---------- GIVEN MATERIAL ----------
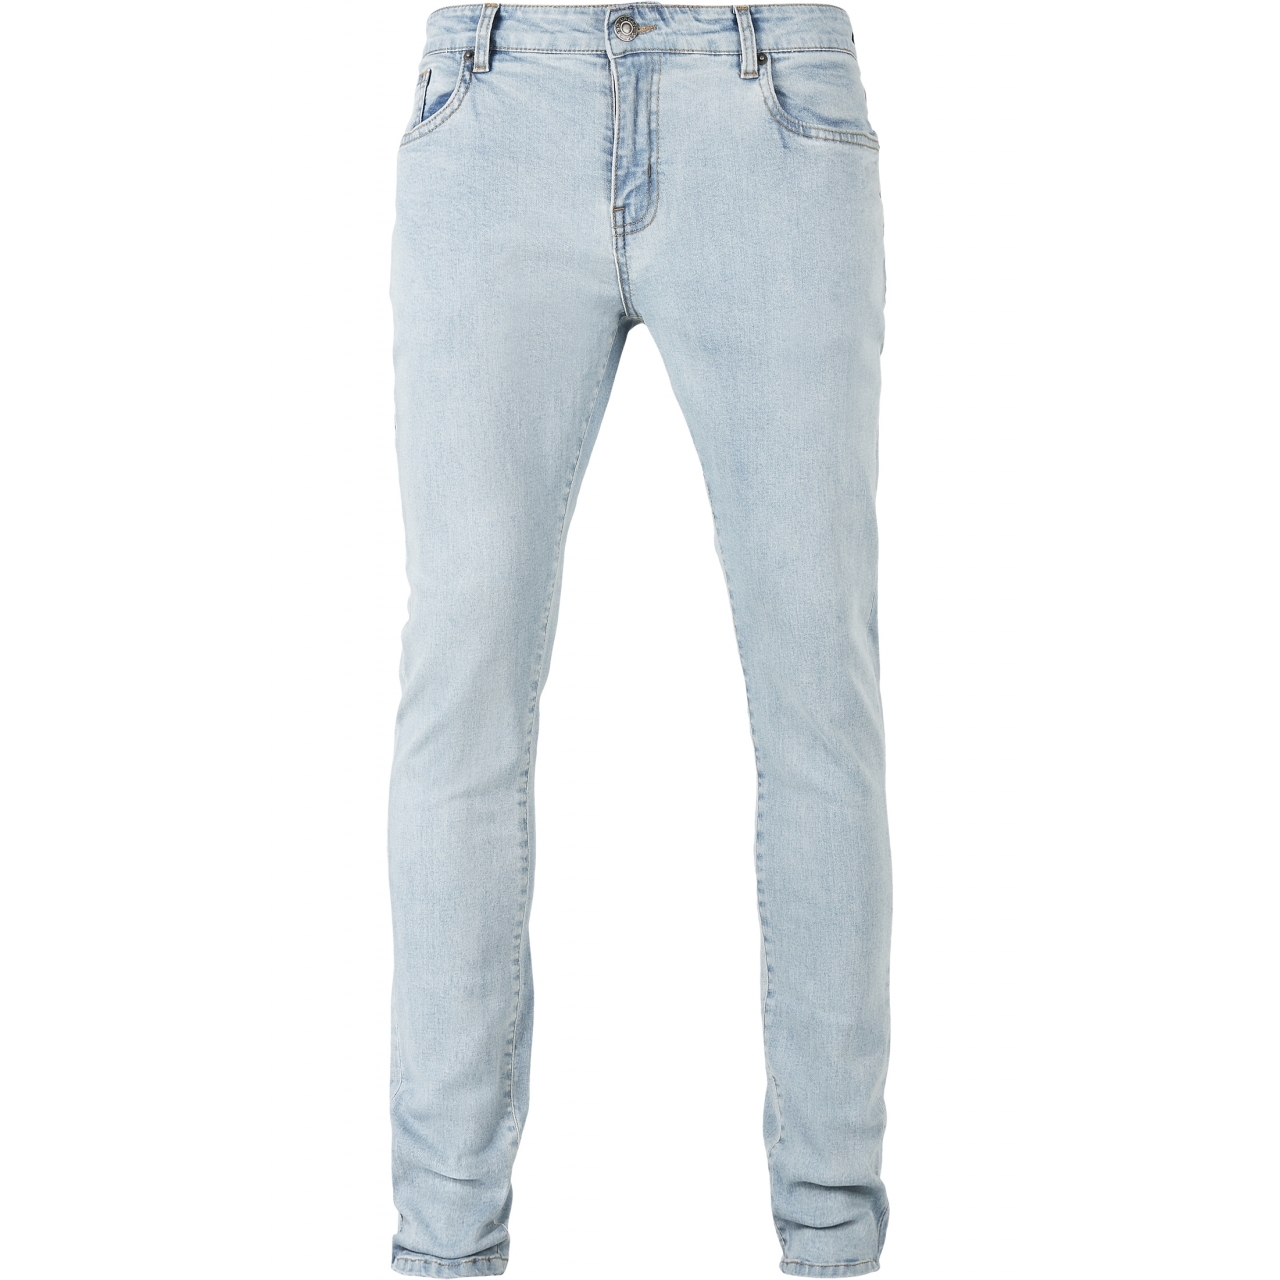 Džíny Urban Classics Slim Fit Zip Jeans - modré, 38/34
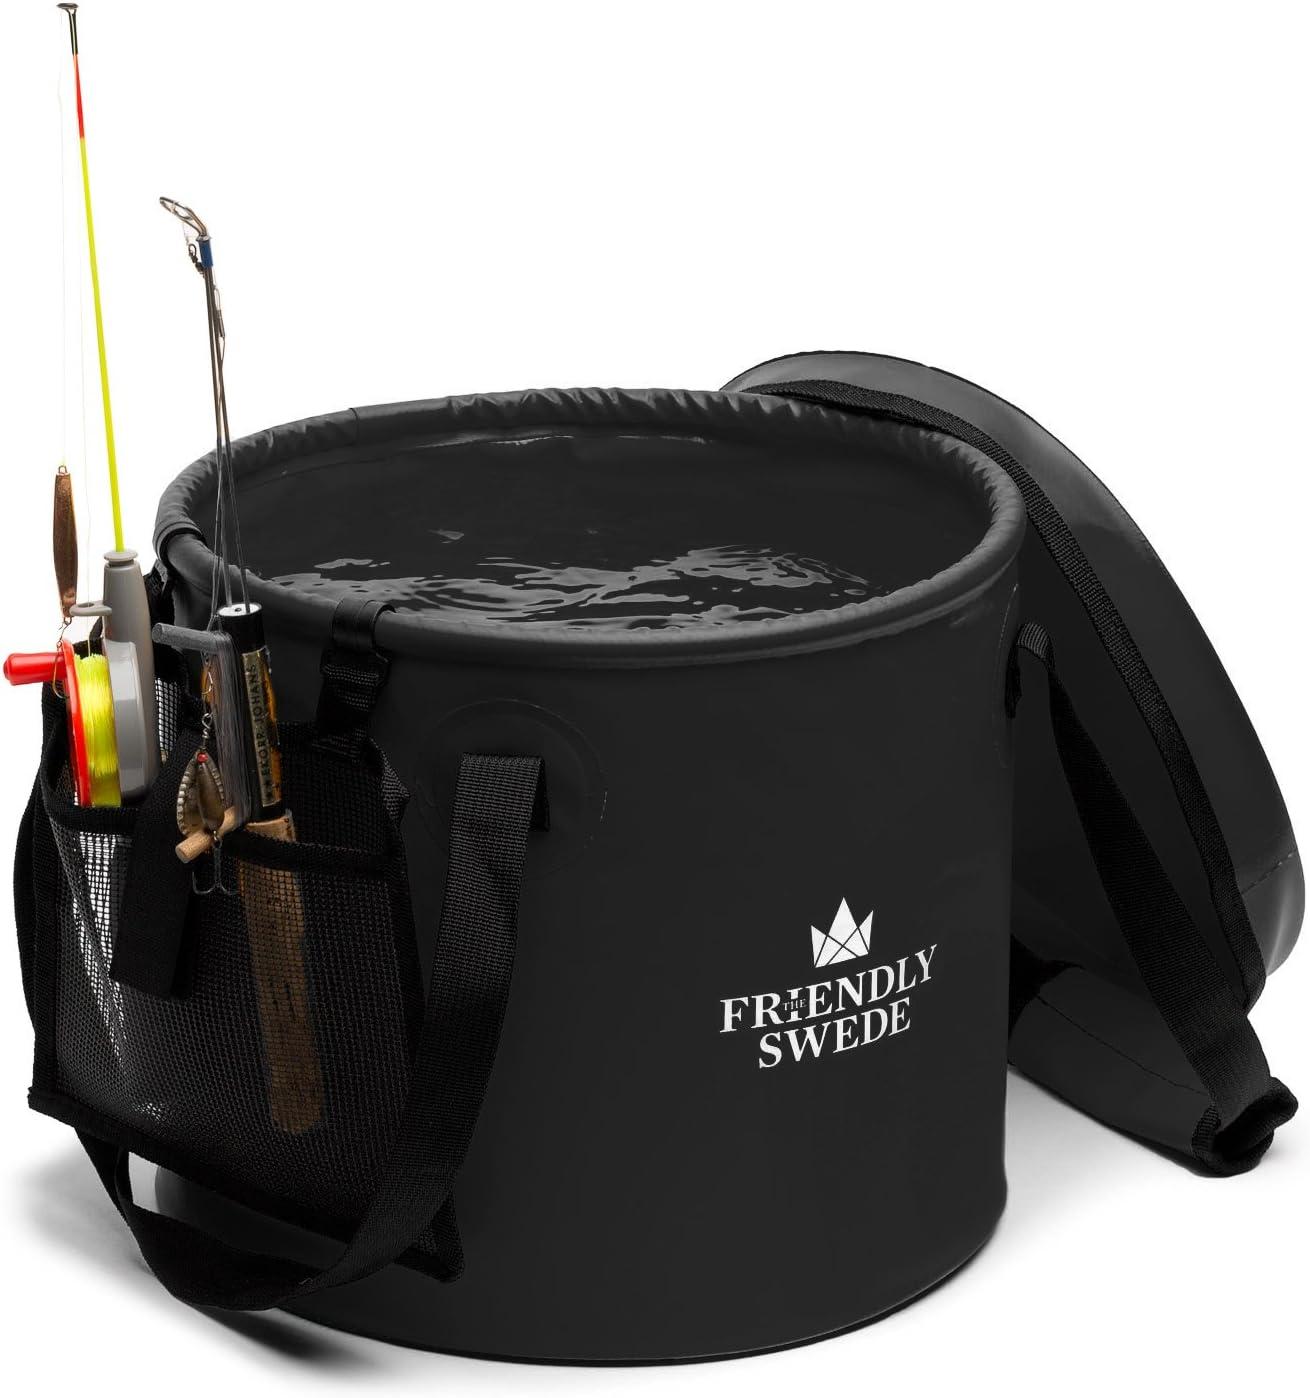 Eurow Collapsible Bucket with Handle Indoor Outdoor Travel
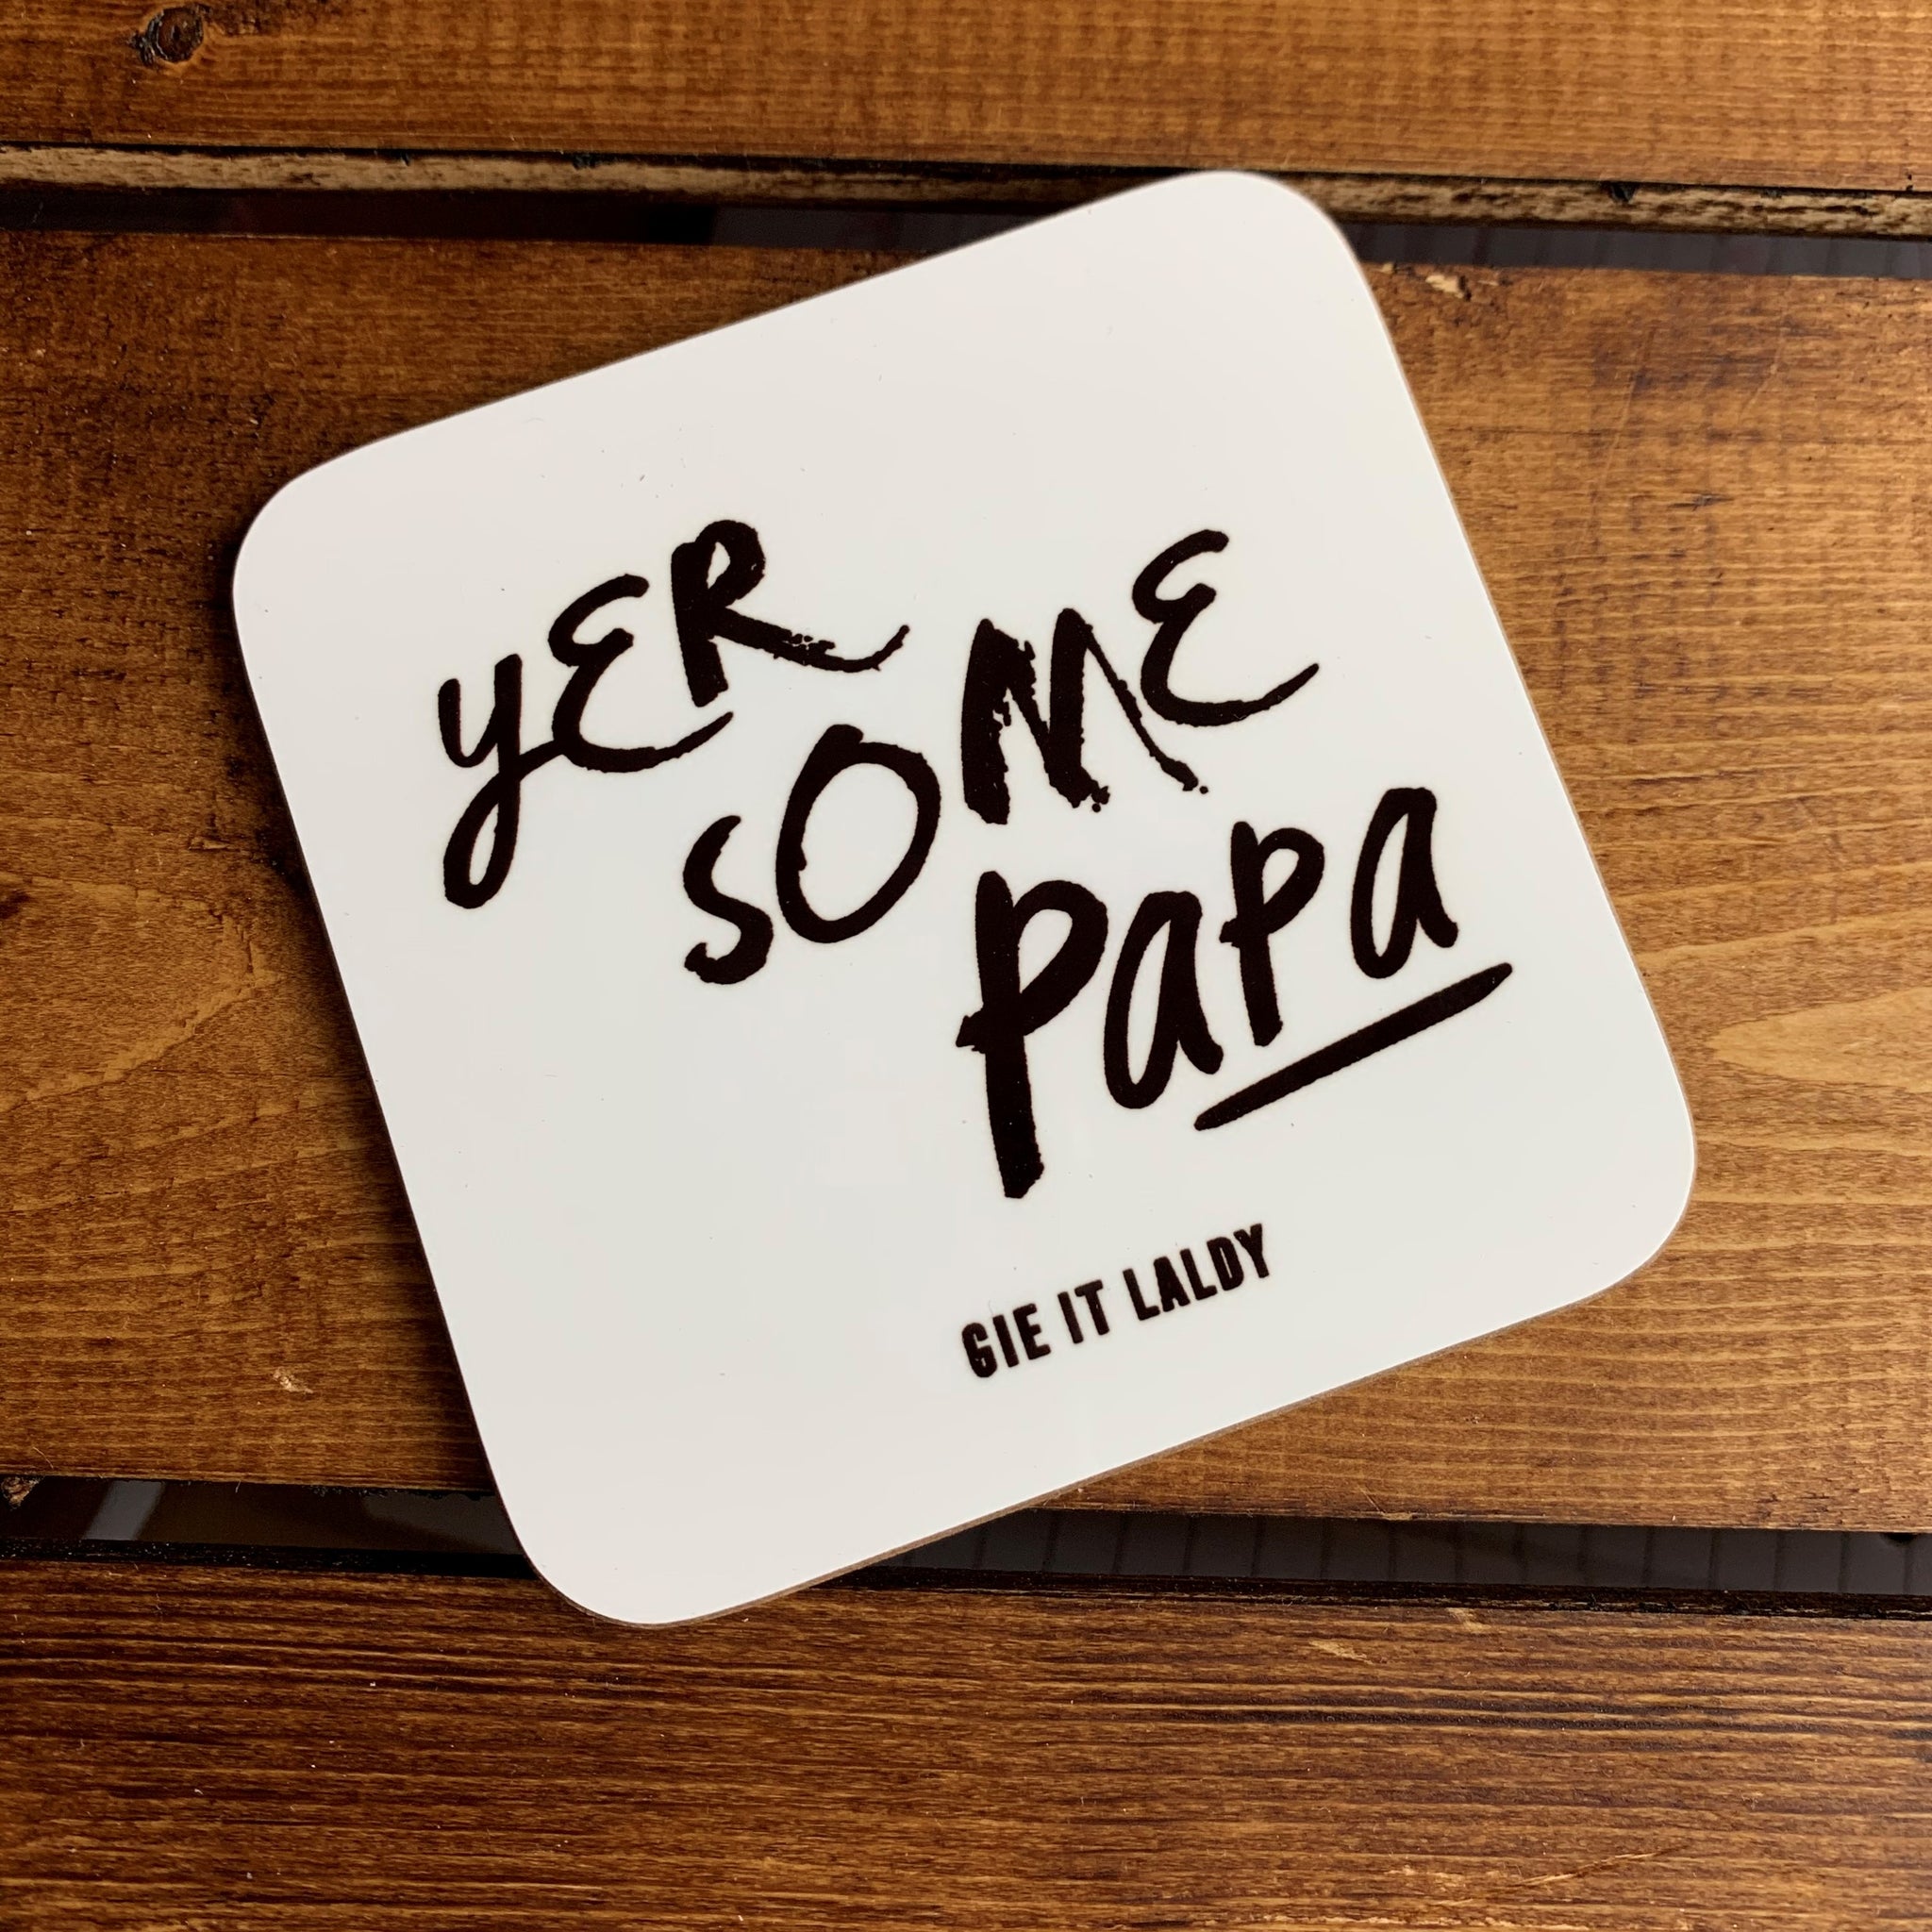 Scottish Slogan Monochrome Coaster featuring the text -  'Yer Some Papa'
----------
PROBLEM REQUIREMENTS →
Reproduce the entire listing exactly, except for any pictures it contains.

TASK OUTPUT →
 Džíny Urban Classics Slim Fit Zip Jeans - modré, 38/34
 Eurow Collapsible Bucket with Handle Indoor Outdoor Travel
 Scottish Slogan Monochrome Coaster featuring the text -  'Yer Some Papa'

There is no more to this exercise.